» **Assigned task**: Repeat the listing exactly, minus the pictures.

» **Given data**:
————

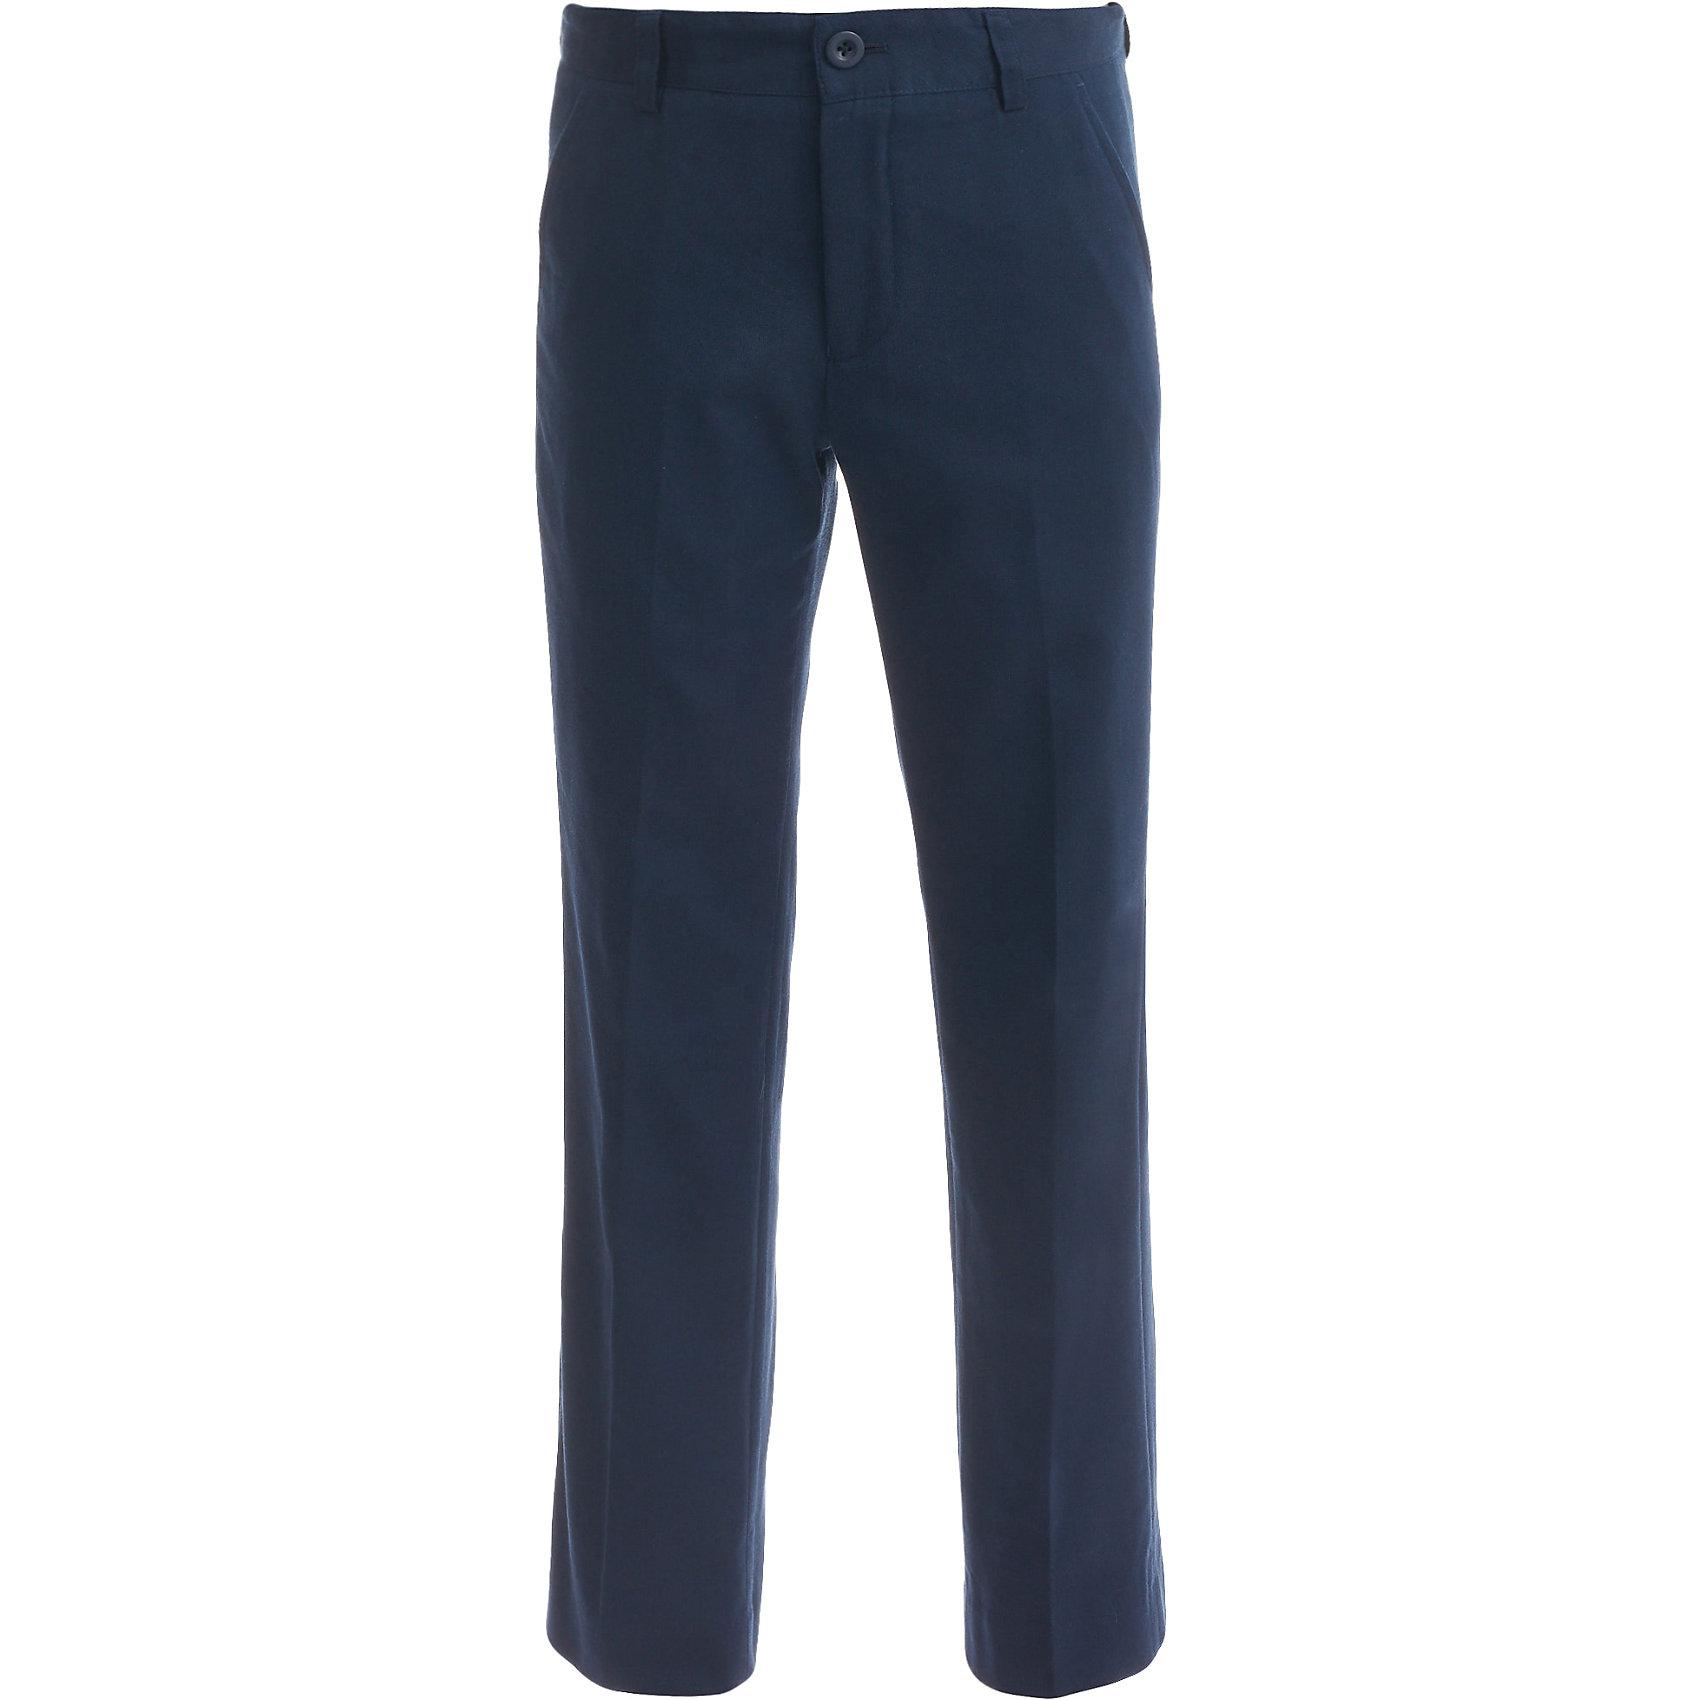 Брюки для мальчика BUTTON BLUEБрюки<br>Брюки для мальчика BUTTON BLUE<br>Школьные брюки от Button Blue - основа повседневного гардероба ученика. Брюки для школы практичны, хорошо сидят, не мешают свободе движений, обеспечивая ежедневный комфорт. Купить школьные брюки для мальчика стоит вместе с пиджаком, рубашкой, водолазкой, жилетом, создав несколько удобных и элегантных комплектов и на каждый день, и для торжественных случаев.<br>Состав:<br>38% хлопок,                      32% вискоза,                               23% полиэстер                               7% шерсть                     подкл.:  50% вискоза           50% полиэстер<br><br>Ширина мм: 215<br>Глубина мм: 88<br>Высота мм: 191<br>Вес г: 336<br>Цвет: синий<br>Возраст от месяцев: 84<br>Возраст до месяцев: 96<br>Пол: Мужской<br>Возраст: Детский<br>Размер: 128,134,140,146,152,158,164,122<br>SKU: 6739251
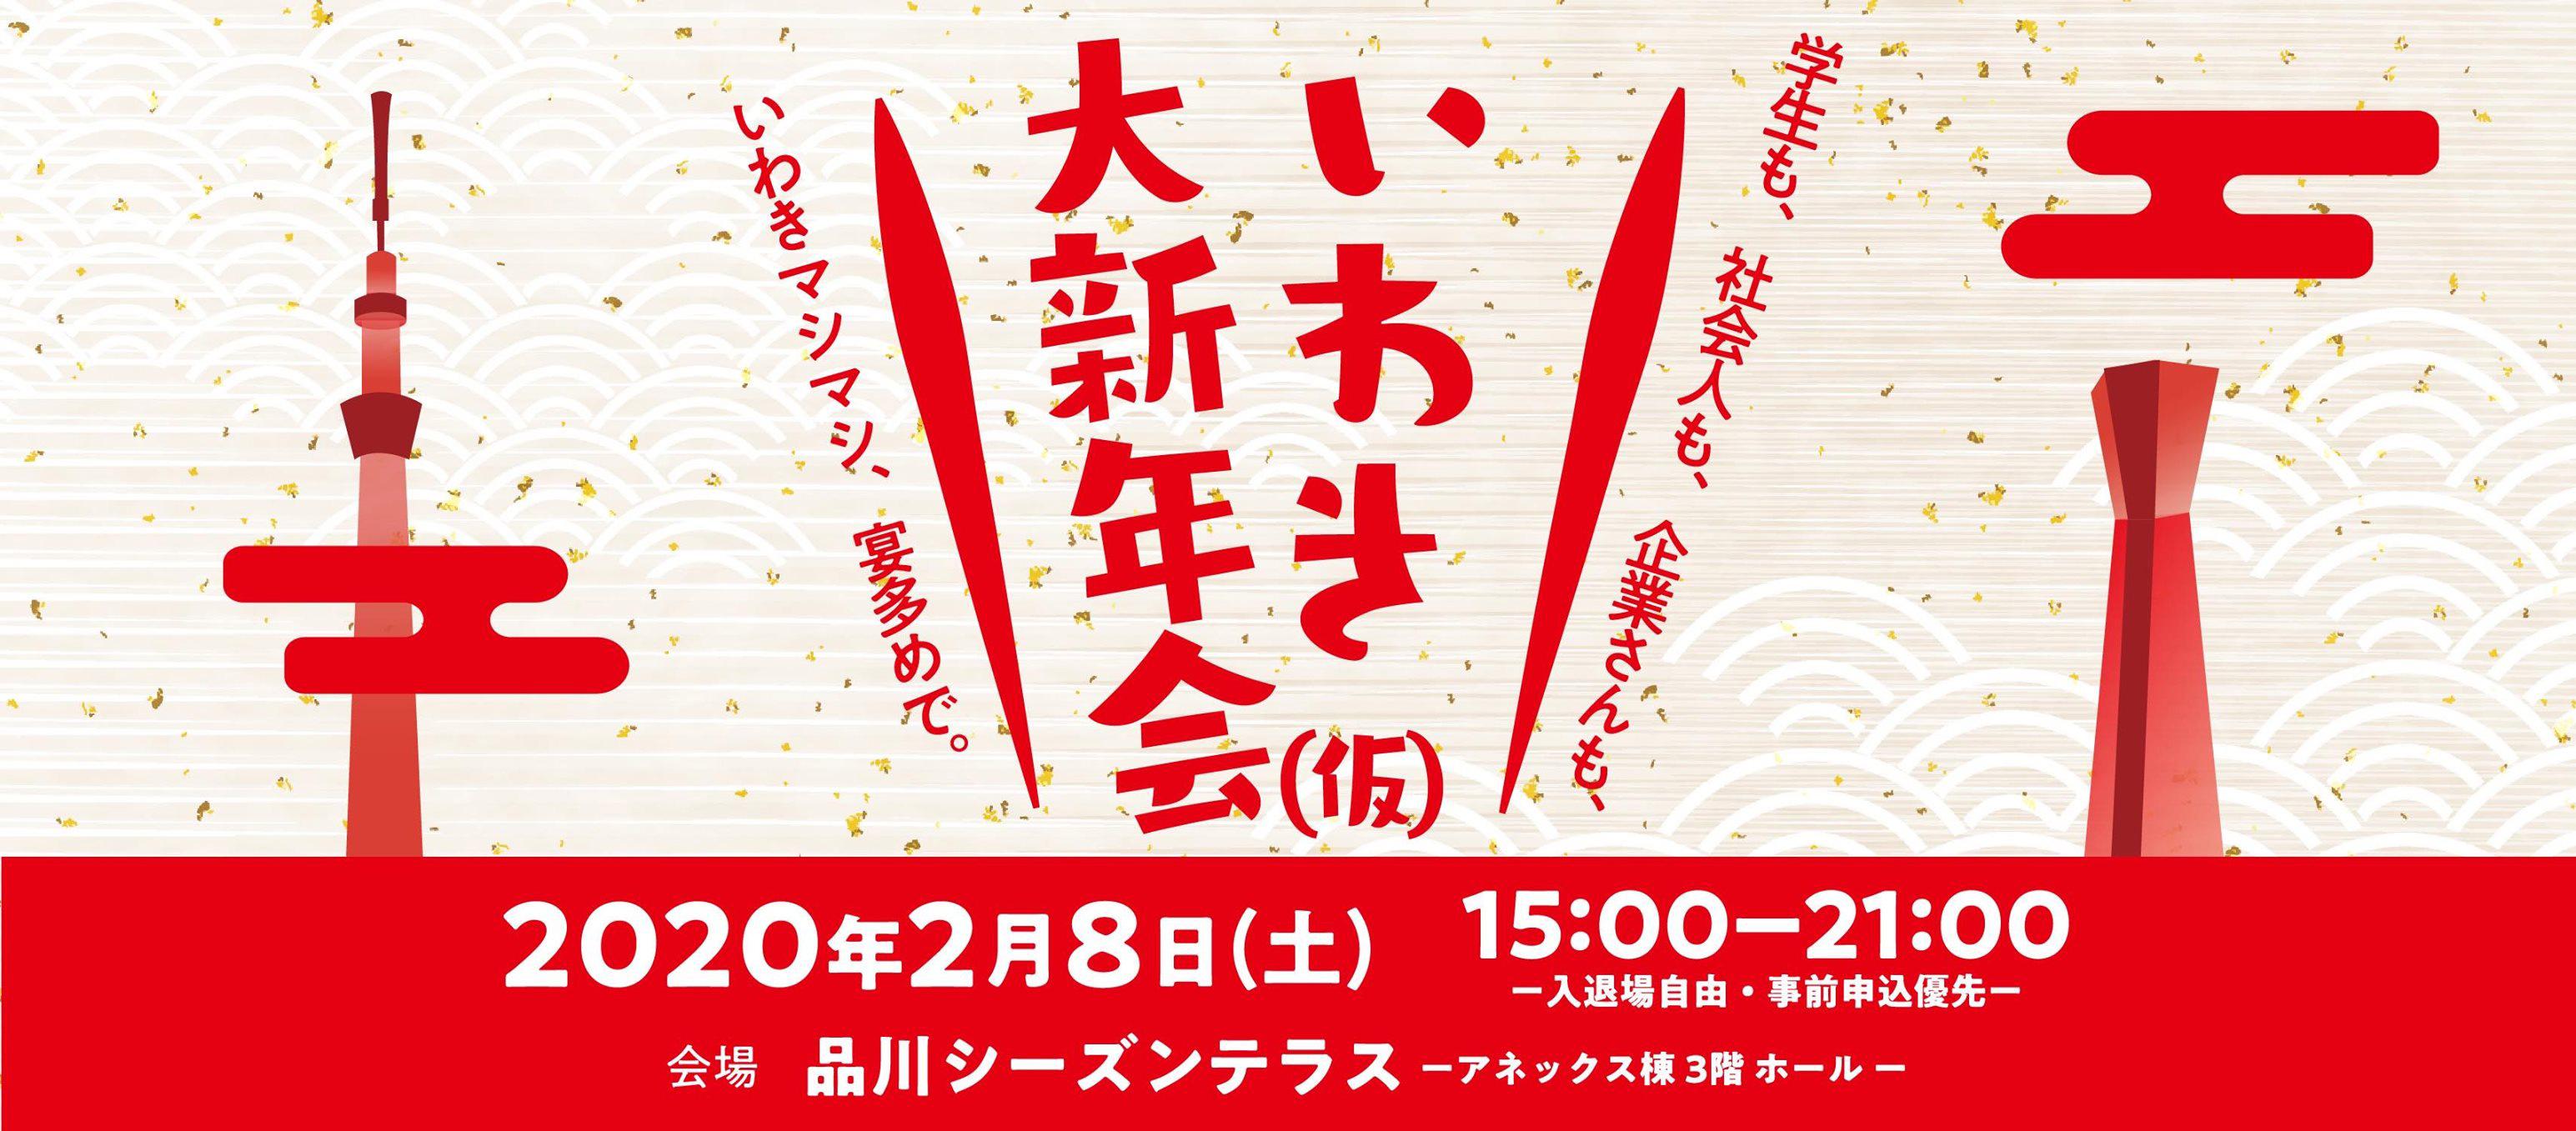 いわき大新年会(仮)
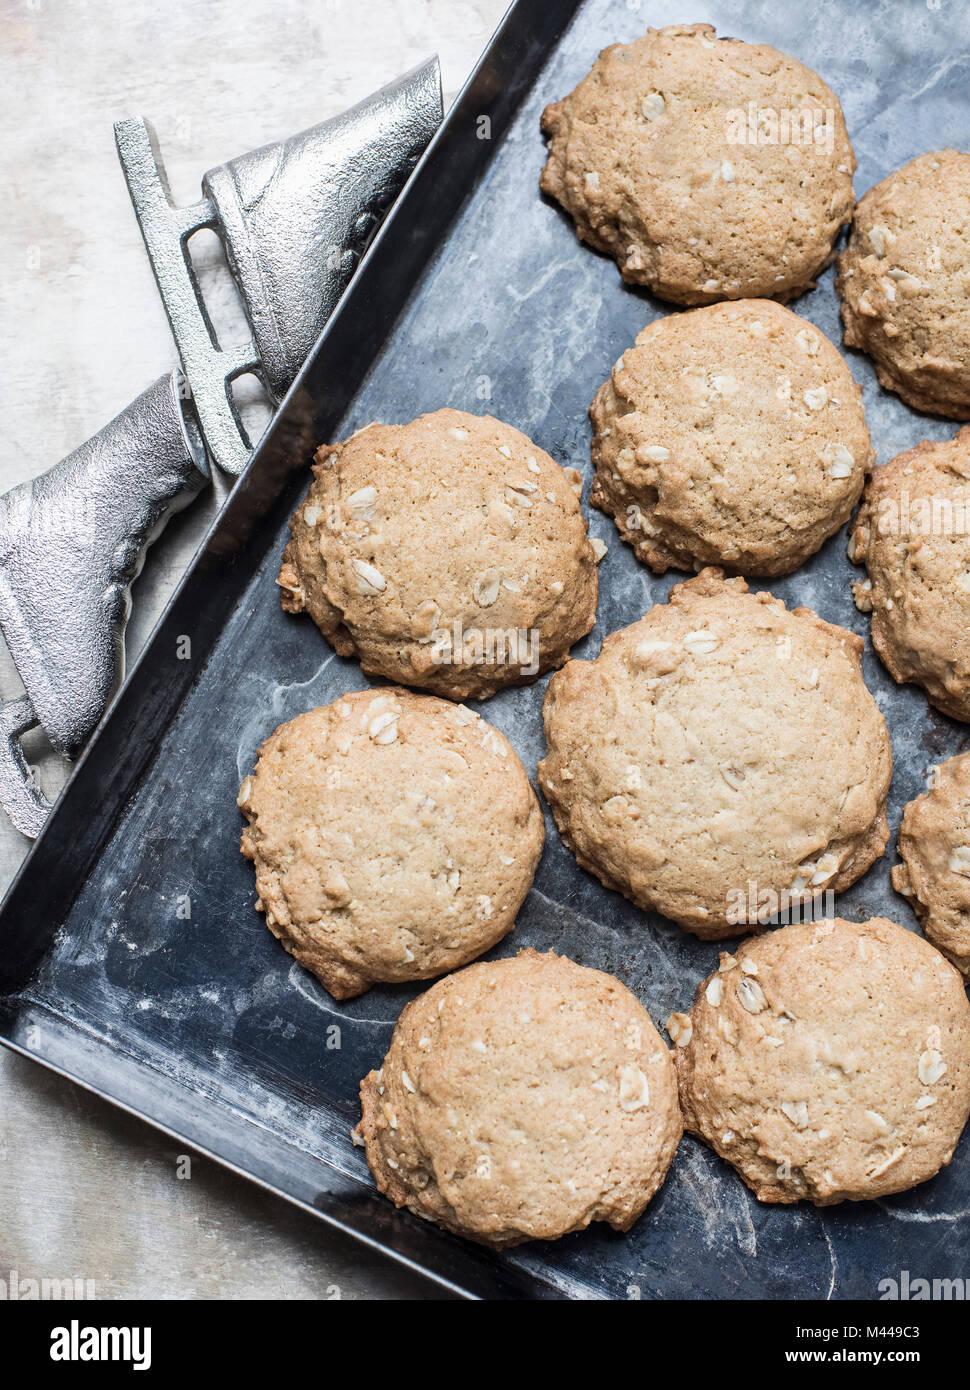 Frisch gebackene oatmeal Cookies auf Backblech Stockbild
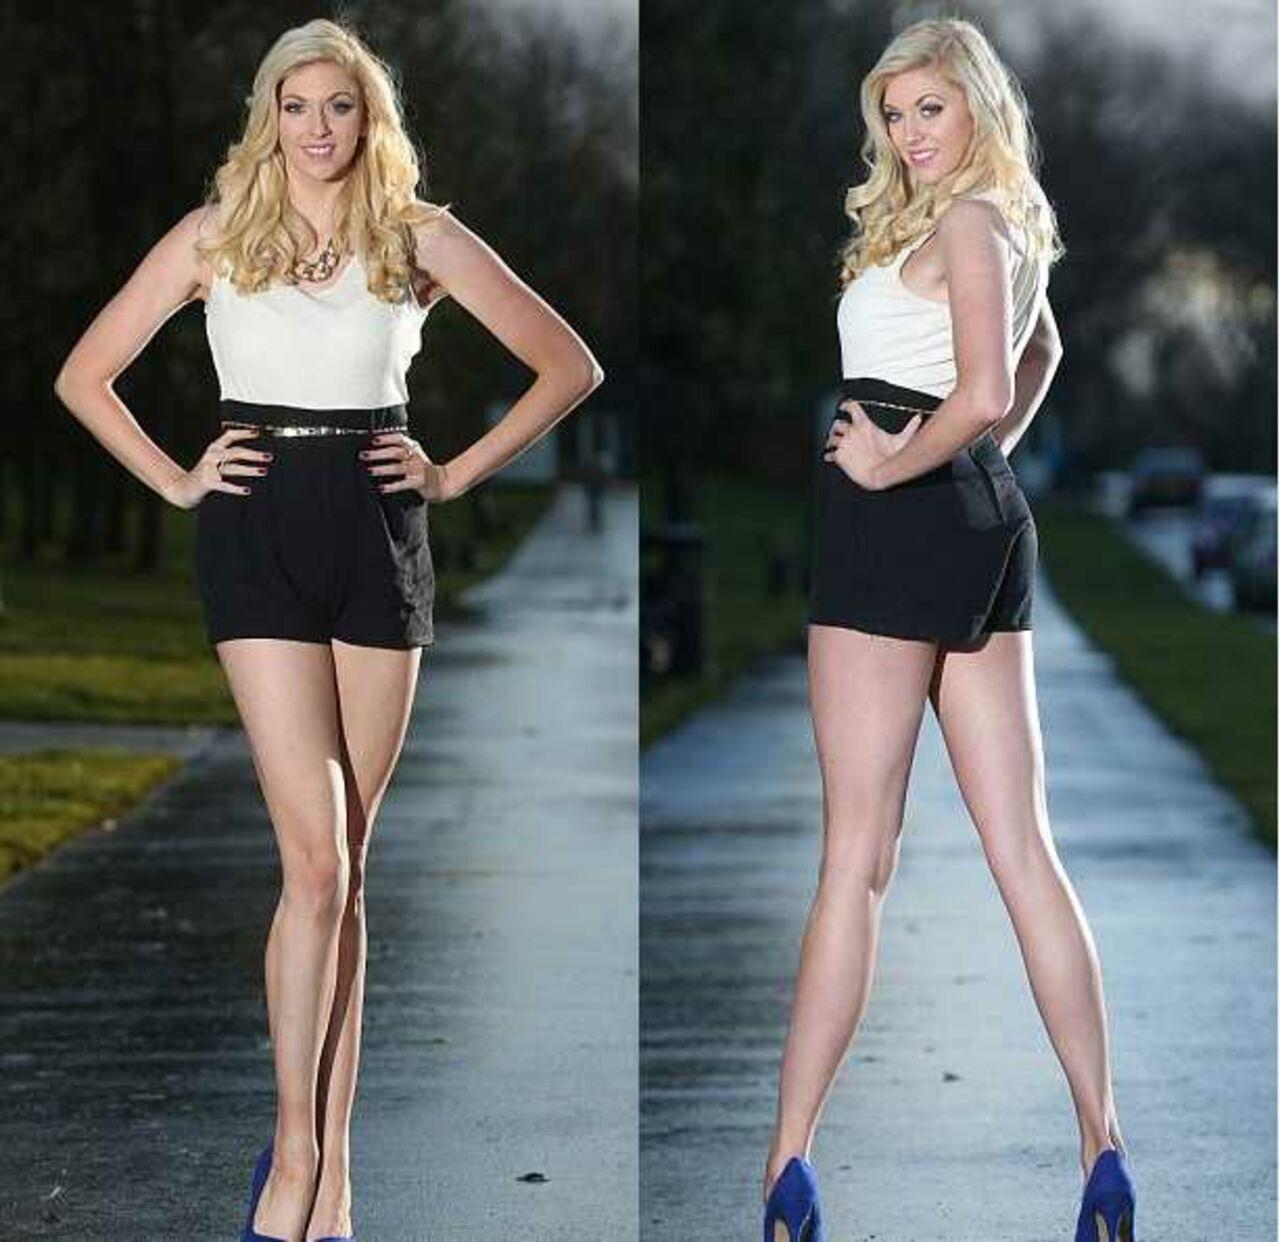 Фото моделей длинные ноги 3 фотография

————

» **Task solution**:
 Брюки для мальчика BUTTON BLUEБрюки<br>Брюки для мальчика BUTTON BLUE<br>Школьные брюки от Button Blue - основа повседневного гардероба ученика. Брюки для школы практичны, хорошо сидят, не мешают свободе движений, обеспечивая ежедневный комфорт. Купить школьные брюки для мальчика стоит вместе с пиджаком, рубашкой, водолазкой, жилетом, создав несколько удобных и элегантных комплектов и на каждый день, и для торжественных случаев.<br>Состав:<br>38% хлопок,                      32% вискоза,                               23% полиэстер                               7% шерсть                     подкл.:  50% вискоза           50% полиэстер<br><br>Ширина мм: 215<br>Глубина мм: 88<br>Высота мм: 191<br>Вес г: 336<br>Цвет: синий<br>Возраст от месяцев: 84<br>Возраст до месяцев: 96<br>Пол: Мужской<br>Возраст: Детский<br>Размер: 128,134,140,146,152,158,164,122<br>SKU: 6739251
 いわき大新年会(仮)
 Frisch gebackene oatmeal Cookies auf Backblech Stockbild
 Фото моделей длинные ноги 3 фотография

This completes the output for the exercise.